Real-time search is trending. Late last year, Google and Microsoft rolled out much-anticipated real-time search engines, with Yahoo hard on their heels. A plethora of smaller start-ups offer services from Twitter searches to more comprehensive info grabs. But early results are in, and so far these engines aren’t skating straight 6s.
”So far, I’ve been pretty underwhelmed by the real-time search efforts,” says blogger and tech expert Robert Scoble. Search Engine Land editor Danny Sullivan also cautions in a blog post that while the idea of real-time search is exciting, ”search engines are acting a bit like cats getting a sniff of catnip. They’re high on real-time search and acting kind of crazy.”
In a nutshell, real-time search means finding, indexing, and displaying in a search window any results that have just been posted to the information ether—be it a 140-character tweet, a status update on Facebook, a new blog entry, a photo, or even a news article. Search engines big and small are falling over themselves to roll out the technology that makes it happen.

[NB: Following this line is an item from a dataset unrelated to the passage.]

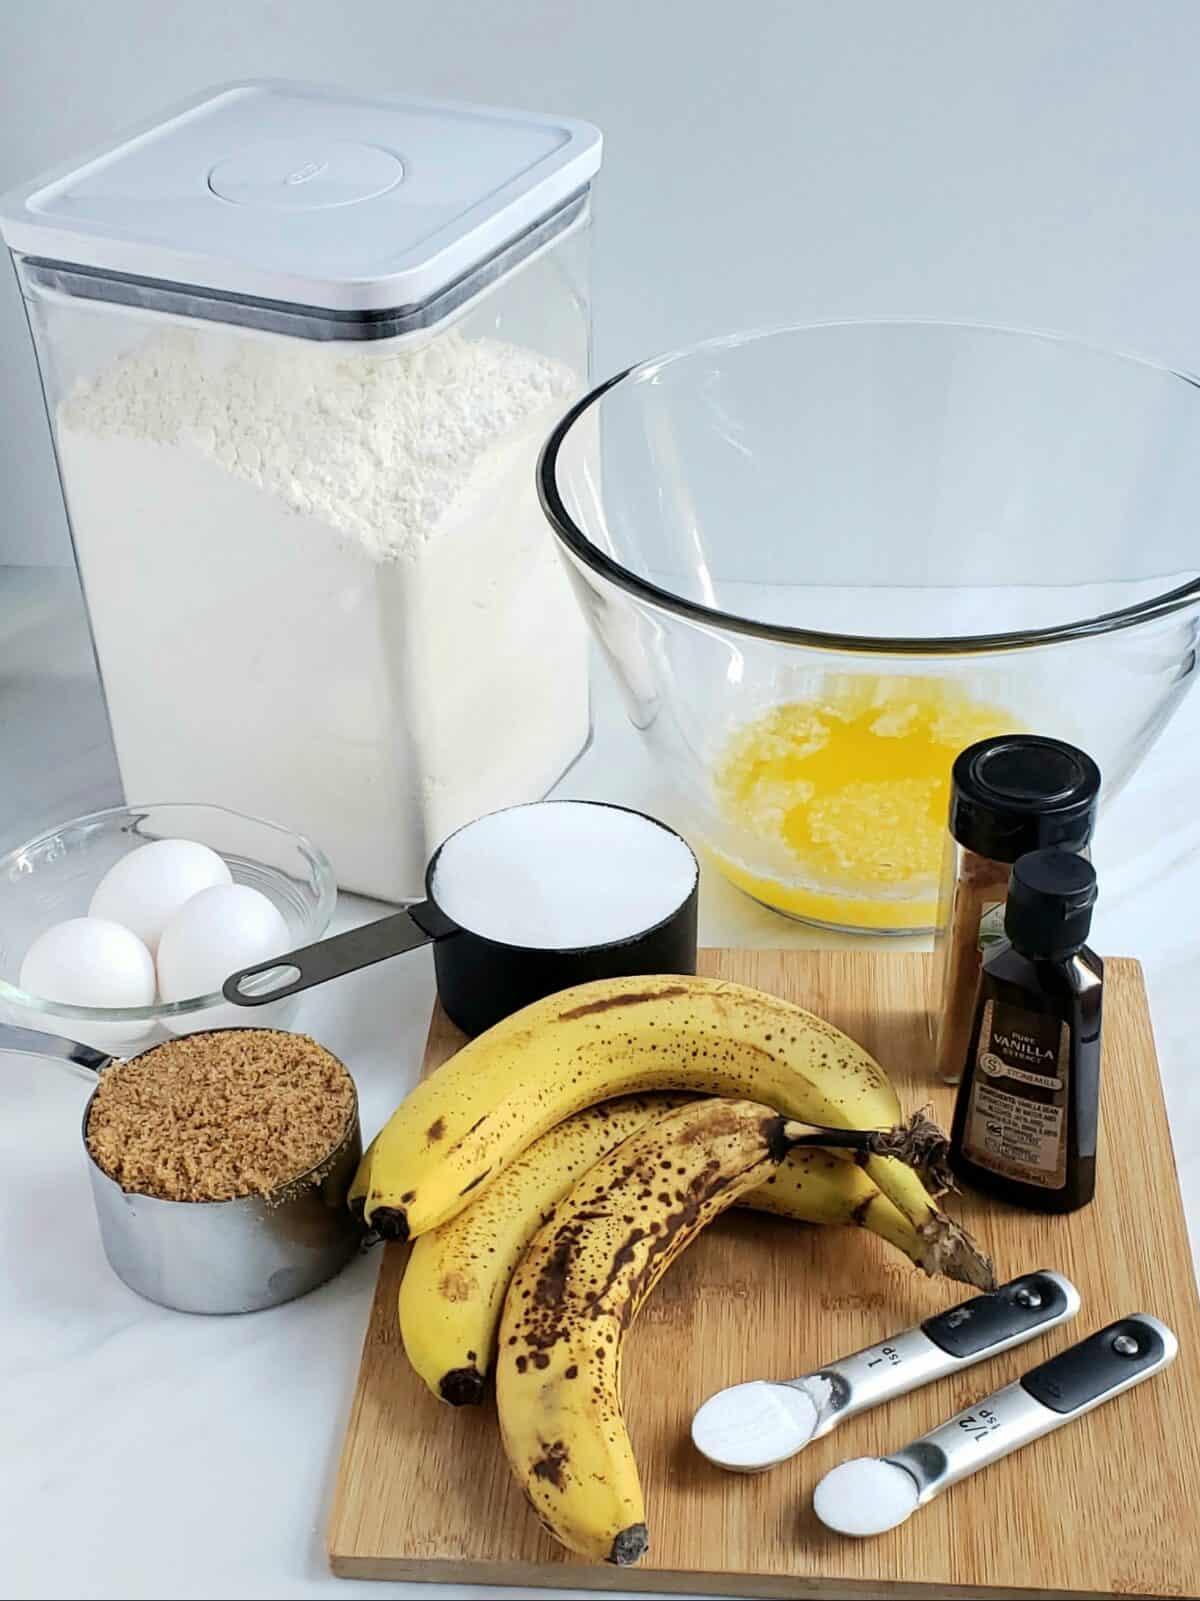 ingredients: flour, brown sugar, eggs, bananas, vanilla butter in a bowl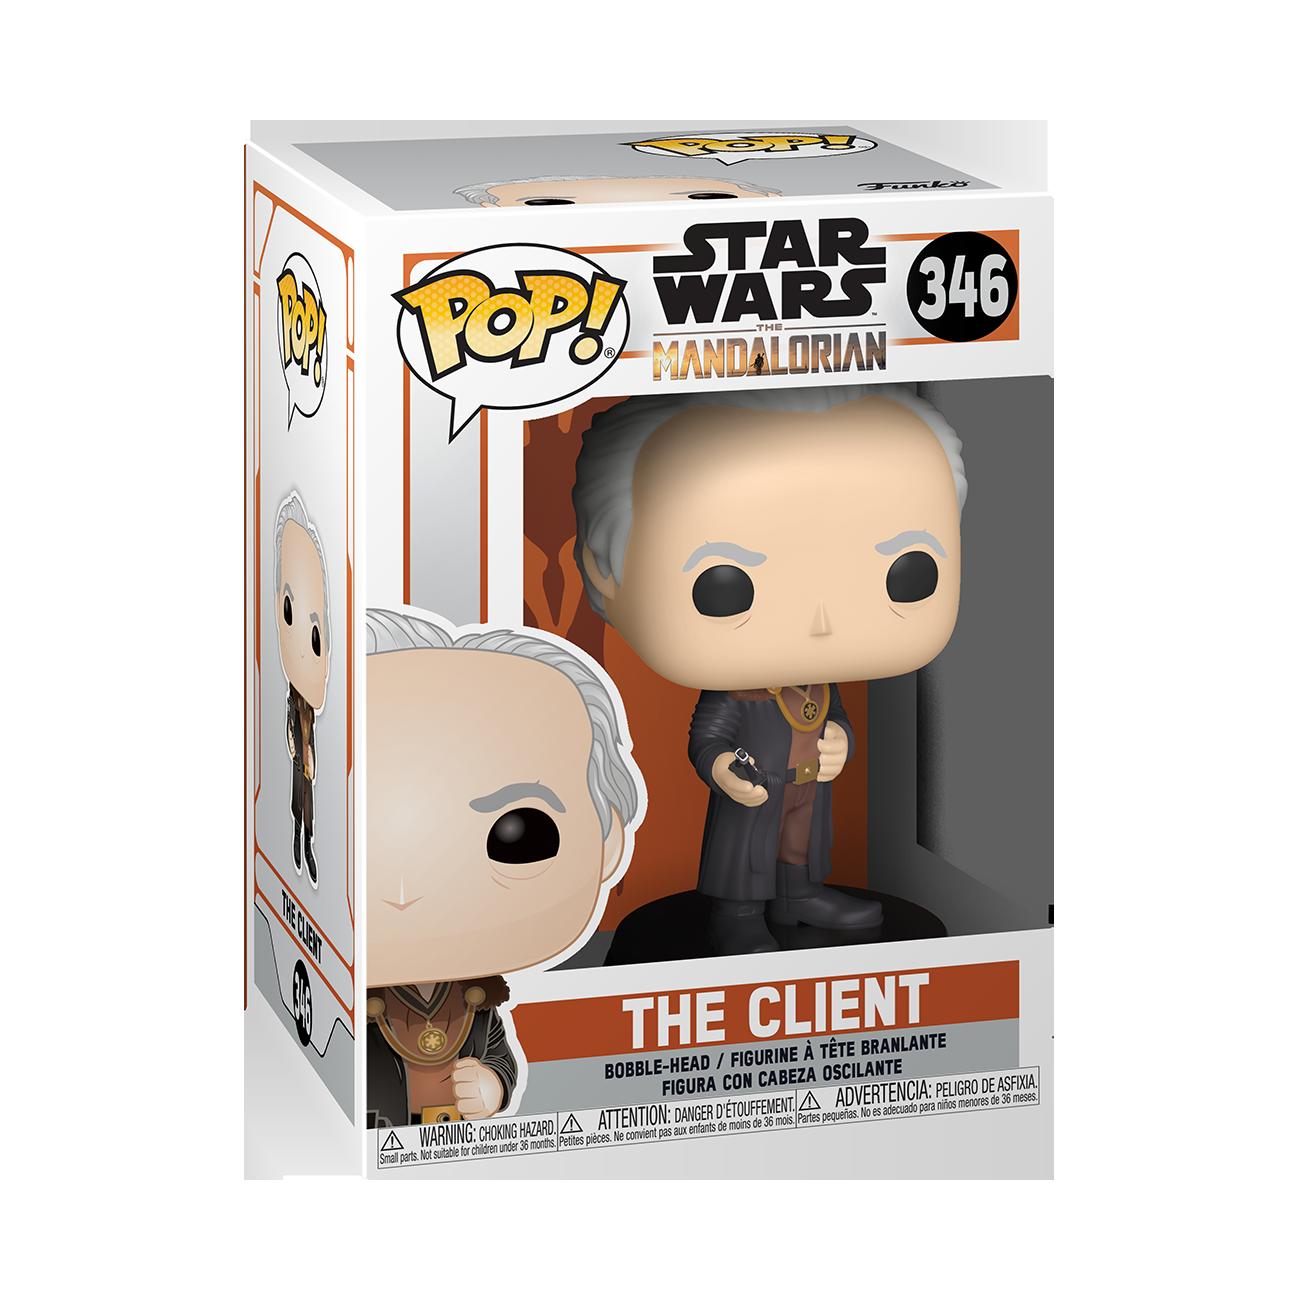 TM The Client FP BH Toy 1

Real-time content is ”cool,” Sullivan says, because there is ”some content that only exists in these microblog formats,” his label for tiny, instantaneous snippets of information. Driving home one night in December, for example, Sullivan found a tree that had fallen and was covering all the lanes in the road. ”It just happened—no news outlet had covered it yet, so I put out a picture and the location [on Twitter],” he says. ”More and more you see this real-time content out there. And people want to get at it.…If you don’t index these kind of stories, you miss them.”
But as more information gets added to the Web, search engines have to find better ways to sift through that content. According to Filippo Menczer, an Indiana University professor of informatics and computer science, the question is: How can we make sure that search engines can access information that was posted 2 minutes ago, even though their crawlers might visit a site only once a day or once a week? If someone tweets about an earthquake but you don’t see the post until a week later, Menczer says, ”that’s not useful.”
Enter real-time search.
Sullivan argues that the term ”real-time” should include only information that’s written and posted immediately. Basically, that means a tweet or a Facebook status update. Even a blog takes time to write, he says, so by the time it’s posted—even if it’s immediately available through instantaneous search algorithms—the ideas in it are old news, and therefore not real-time.
But to Stefan Weitz, director of Microsoft’s Bing search engine, real-time search is ”a lot more than tweets or status updates.” There are dozens of ways to put out real-time information, Weitz points out. There’s photo tagging, YouTube, and MySpace, and ”most of these forums have a temporal aspect,” he says. But sometimes information from two hours ago—or even last week—is real-time enough, he argues. It just comes down to the user.
For example, Bing’s recently released Bing Maps includes an application called Local Lens, which scans local community blogs and links to them, allowing a user to scroll over locations on a map to find out what’s happening around town. Those blogs are updated a few times a day, Weitz says, which wouldn’t be real-time according to Sullivan. Still, ”that’s real-time-ish,” Weitz maintains. Sure, it’s ”not as real-time as Twitter,” but it could still make a difference in deciding what to do on a Saturday night.
Key to this instantaneous search technology is having access to the data streams. ”[Search engines] can’t crawl so fast, so they need agreements” with the key information sources, says Menczer, who is also associate director of IU’s Center for Complex Networks and Systems Research. Accordingly, Bing and Google got access to Twitter’s ”firehose feed”—all the data streaming in from every tweet—last October. Bing got Facebook data at the same time, and Google got Facebook plus MySpace in December.
Once the search engines have all this data, of course, the trick is figuring out what to do with it. Even ”assuming we have access to much of this content,” says Menczer, ”it’s no longer in the tradition of Web text and hyperlinks.” So PageRank, Google’s tool for ranking Web sites—and, ultimately, the relevancy of results to a particular search—”may not be readily applied to social Web,” he says.
Google’s search guru Amit Singhal acknowledges that to corral all this content into a results page isn’t easy, and PageRank depends on building authority over time. So while Singhal indicated at last December’s product release press conference that PageRank is still an important part of the engine’s ranking ability, other signals have to be added to make real-time search a powerful tool. Google engineers had to develop ”at least a dozen new technologies” to pick out the most relevant pieces of information from the mass of data flooding the Web, including models of volume fluctuation (for instance, when a lot of tweets suddenly come in on a specific topic) and new language models (is it genuine information, or is it a ”weather buoy” tweeting automatically?).